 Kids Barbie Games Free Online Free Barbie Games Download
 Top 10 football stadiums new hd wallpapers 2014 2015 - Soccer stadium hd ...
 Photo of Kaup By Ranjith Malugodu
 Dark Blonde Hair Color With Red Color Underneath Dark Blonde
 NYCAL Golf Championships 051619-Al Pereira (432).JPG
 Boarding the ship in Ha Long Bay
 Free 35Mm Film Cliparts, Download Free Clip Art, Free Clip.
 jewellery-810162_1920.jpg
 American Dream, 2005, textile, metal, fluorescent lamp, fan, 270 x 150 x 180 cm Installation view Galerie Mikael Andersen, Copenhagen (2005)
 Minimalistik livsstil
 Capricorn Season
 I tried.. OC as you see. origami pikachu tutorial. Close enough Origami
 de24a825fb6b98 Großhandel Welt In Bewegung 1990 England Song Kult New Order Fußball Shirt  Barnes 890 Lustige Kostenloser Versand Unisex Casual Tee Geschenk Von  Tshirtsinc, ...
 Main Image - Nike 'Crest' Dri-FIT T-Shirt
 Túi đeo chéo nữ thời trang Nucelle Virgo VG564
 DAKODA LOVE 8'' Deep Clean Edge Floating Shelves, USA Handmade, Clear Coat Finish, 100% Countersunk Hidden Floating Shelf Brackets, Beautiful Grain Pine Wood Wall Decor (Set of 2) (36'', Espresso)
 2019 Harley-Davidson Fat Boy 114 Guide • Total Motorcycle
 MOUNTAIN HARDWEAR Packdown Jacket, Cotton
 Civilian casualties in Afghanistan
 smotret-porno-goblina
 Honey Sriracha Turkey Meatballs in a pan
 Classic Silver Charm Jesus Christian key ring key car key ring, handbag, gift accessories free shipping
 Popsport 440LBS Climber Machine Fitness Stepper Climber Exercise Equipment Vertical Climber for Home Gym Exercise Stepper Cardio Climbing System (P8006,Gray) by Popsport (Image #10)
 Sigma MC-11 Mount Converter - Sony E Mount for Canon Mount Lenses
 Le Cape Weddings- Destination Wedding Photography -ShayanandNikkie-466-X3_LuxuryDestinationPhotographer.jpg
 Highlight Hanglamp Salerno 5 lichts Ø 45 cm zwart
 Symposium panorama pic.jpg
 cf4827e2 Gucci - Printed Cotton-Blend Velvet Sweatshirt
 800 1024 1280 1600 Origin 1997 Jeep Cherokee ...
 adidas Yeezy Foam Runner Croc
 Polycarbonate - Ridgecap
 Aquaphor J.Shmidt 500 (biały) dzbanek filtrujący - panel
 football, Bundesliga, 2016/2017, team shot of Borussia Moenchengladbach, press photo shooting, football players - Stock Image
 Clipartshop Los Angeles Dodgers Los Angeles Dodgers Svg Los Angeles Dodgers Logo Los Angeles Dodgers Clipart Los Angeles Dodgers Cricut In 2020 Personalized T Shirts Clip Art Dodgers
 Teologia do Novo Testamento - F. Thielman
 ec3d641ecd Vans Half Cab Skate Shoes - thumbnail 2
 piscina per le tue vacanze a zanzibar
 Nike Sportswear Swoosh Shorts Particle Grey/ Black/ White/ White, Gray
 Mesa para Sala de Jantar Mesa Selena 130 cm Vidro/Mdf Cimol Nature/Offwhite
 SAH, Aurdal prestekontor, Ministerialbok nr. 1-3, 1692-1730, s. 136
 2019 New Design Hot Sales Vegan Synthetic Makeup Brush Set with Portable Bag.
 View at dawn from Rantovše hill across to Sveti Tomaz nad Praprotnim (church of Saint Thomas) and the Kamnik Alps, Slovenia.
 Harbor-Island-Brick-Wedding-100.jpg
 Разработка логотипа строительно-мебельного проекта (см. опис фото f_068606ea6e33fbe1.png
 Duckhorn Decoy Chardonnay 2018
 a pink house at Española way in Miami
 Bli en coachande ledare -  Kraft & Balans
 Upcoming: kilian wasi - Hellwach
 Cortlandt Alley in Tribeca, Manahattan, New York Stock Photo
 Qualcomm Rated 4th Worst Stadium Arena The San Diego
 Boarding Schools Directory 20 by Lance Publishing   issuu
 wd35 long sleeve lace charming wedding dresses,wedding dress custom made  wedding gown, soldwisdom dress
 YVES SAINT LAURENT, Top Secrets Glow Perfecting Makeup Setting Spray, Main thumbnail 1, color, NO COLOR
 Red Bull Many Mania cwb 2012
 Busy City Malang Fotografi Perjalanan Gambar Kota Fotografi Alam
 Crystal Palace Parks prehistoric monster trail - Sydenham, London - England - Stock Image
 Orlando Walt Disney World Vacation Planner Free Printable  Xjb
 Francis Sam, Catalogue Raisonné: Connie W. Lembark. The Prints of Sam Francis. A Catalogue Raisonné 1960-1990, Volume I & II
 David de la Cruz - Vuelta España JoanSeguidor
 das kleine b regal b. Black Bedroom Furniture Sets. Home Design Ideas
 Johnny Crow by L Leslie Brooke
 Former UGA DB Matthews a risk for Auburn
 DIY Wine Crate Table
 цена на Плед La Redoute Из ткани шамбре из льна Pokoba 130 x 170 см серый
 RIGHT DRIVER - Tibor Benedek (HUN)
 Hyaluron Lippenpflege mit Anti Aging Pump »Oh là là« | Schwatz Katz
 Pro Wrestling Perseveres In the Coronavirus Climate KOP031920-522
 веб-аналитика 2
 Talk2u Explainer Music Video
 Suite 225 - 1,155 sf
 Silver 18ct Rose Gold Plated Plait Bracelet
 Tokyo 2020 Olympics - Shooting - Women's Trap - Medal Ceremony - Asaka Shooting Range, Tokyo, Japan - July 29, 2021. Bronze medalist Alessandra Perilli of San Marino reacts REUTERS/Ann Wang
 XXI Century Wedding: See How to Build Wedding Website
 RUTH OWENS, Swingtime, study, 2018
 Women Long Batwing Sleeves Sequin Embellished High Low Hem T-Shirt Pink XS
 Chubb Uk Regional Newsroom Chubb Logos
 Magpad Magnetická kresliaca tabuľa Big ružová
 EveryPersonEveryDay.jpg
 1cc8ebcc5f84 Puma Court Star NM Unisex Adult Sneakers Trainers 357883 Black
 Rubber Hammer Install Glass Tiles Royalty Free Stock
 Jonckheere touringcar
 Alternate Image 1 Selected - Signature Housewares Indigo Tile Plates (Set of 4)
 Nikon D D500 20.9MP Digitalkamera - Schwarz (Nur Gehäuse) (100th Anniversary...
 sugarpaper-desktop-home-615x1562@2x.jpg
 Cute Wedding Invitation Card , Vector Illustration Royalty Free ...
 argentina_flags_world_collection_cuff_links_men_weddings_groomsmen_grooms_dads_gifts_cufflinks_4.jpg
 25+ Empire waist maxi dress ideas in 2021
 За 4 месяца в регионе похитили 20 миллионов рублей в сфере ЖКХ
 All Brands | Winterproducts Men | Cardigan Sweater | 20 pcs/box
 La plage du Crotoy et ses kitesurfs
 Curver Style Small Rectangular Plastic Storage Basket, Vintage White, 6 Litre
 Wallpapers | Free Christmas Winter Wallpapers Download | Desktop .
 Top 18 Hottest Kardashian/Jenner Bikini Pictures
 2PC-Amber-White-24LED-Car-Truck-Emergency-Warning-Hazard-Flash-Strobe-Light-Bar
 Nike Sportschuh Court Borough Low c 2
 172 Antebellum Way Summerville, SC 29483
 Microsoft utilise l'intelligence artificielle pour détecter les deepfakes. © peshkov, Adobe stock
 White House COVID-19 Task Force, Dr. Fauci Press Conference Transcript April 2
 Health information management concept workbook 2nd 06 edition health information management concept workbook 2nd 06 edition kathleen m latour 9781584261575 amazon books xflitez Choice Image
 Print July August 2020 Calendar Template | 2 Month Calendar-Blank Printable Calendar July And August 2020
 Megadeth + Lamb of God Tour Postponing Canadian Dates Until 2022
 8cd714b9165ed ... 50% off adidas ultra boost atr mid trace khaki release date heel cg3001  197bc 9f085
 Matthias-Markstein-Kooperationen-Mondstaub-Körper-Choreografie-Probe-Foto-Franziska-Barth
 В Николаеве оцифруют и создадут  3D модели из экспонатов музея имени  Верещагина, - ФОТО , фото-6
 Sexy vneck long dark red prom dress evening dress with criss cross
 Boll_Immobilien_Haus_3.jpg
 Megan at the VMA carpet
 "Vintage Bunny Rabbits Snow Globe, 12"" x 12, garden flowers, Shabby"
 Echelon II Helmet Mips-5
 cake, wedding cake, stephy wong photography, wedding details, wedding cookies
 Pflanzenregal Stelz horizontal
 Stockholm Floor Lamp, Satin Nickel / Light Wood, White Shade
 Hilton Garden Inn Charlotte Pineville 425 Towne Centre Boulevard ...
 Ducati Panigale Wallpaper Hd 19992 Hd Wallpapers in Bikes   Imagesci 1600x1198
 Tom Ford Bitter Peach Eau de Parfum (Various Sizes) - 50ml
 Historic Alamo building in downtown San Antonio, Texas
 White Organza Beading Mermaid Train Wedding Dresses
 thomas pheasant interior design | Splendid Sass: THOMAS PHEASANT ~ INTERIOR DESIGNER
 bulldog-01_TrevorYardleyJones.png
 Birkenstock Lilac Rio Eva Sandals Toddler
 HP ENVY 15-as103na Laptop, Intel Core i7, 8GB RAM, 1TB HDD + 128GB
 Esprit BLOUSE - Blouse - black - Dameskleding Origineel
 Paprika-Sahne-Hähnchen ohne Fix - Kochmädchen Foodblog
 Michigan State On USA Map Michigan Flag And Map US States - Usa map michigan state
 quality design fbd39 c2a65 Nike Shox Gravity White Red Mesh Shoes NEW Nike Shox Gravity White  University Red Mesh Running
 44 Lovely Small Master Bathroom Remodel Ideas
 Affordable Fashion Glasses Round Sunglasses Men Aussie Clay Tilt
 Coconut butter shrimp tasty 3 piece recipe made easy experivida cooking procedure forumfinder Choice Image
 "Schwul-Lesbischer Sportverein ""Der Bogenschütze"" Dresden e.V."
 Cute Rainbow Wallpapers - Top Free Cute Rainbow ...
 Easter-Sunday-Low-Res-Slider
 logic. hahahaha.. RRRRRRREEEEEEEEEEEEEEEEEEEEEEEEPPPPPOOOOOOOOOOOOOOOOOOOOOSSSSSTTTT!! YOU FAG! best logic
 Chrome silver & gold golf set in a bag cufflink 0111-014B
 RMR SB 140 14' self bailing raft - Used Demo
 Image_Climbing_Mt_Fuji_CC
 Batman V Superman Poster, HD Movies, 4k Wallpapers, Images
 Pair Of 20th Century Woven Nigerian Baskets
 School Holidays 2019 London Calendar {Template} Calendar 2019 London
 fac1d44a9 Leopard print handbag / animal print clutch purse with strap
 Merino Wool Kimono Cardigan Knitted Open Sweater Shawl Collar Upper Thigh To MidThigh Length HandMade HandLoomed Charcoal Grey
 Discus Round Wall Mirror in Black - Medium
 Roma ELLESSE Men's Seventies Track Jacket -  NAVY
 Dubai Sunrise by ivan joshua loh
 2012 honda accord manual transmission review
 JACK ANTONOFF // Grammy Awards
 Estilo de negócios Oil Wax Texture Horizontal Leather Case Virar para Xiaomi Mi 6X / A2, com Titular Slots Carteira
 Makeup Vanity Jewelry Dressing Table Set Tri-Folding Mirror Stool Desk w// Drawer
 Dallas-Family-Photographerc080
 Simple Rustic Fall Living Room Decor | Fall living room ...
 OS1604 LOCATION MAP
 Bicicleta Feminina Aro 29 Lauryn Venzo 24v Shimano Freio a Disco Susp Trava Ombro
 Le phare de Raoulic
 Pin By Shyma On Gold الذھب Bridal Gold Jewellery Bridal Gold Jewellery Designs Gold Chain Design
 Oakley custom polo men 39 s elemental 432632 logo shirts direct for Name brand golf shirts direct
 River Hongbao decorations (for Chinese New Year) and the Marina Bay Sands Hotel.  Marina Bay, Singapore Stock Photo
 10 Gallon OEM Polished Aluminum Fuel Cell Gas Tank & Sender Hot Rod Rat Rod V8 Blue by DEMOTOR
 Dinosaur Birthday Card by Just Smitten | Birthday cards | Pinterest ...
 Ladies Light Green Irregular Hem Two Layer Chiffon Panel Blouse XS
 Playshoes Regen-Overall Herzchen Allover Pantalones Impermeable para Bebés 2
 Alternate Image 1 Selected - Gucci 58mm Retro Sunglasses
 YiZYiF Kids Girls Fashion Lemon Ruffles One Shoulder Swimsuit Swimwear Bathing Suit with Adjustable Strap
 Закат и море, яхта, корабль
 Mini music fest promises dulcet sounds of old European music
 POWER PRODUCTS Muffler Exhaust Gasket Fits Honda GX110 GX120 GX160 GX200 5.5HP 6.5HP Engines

● ● ● ●

A verbatim transcription is needed of the lines above, starting at the line with "Clipartshop Los Angeles" and ending at the line with "Mesa para Sala", both included, and of nothing else.

 Clipartshop Los Angeles Dodgers Los Angeles Dodgers Svg Los Angeles Dodgers Logo Los Angeles Dodgers Clipart Los Angeles Dodgers Cricut In 2020 Personalized T Shirts Clip Art Dodgers
 Teologia do Novo Testamento - F. Thielman
 ec3d641ecd Vans Half Cab Skate Shoes - thumbnail 2
 piscina per le tue vacanze a zanzibar
 Nike Sportswear Swoosh Shorts Particle Grey/ Black/ White/ White, Gray
 Mesa para Sala de Jantar Mesa Selena 130 cm Vidro/Mdf Cimol Nature/Offwhite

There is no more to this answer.